Update the ASE database collected along with this class

Parameters:
  • atoms_to_write – List of Atoms objects to store in DB

  • config_name – Name of the configuration used to compute energies

  • charge – Charge on the system

  • solvent – Name of solvent, if any

examol.simulate.ase.utils

Utilities related to using ASE

examol.simulate.ase.utils.add_vacuum_buffer(atoms: Atoms, buffer_size: float, cubic: bool = False)[source]

Add a vacuum buffer around a molecule

Parameters:
  • atoms – Atoms object to be edited

  • buffer_size – Length of vacuum on each side of the molecule (unit: Angstrom)

  • cubic – Whether the resultant box should be cubic

examol.simulate.ase.utils.initialize_charges(atoms: Atoms, charge: int)[source]

Set initial charges to sum up to a certain value

Parameters:
  • atoms – Atoms object to be manipulated

  • charge – Total charge for the system

examol.simulate.ase.utils.make_ephemeral_calculator(calc: Calculator | dict) Iterator[Calculator][source]

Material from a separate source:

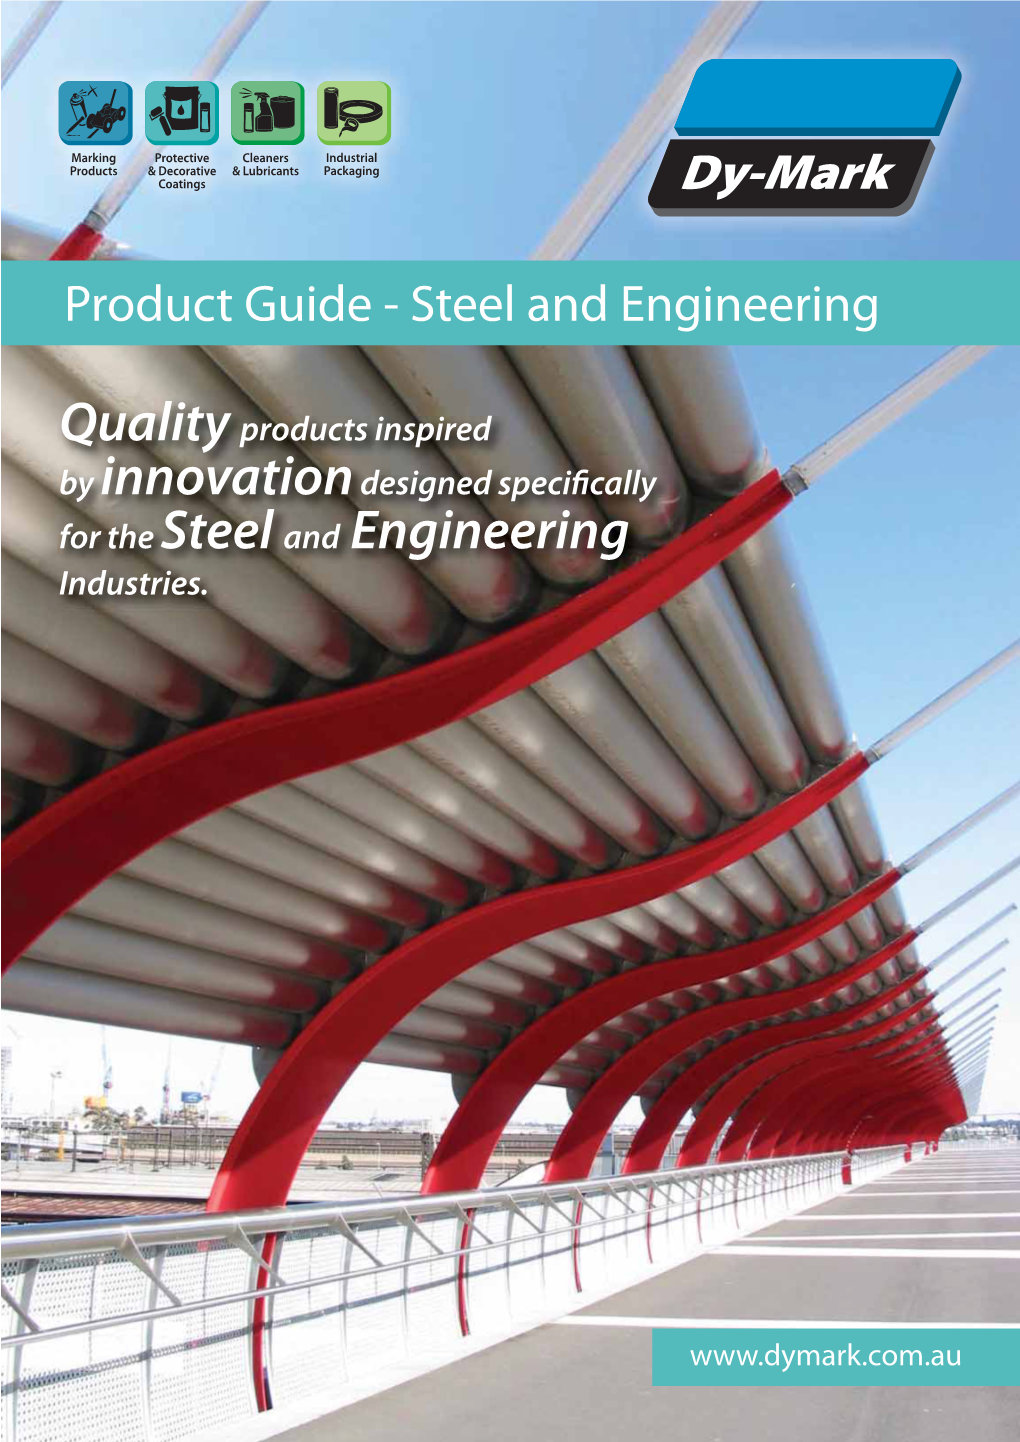 For the Steel and Engineering Industries

Make a calculator then tear it down after completion

Parameters:

calc – Already-defined calculator or a dict defining it. The dict must contain the key “name” to define the name of the code and could contain the keys “args” and “kwargs” to define the arguments and keyword arguments for creating a new one, respectively.

Yields:

An Calculator that is town down as the context manager exits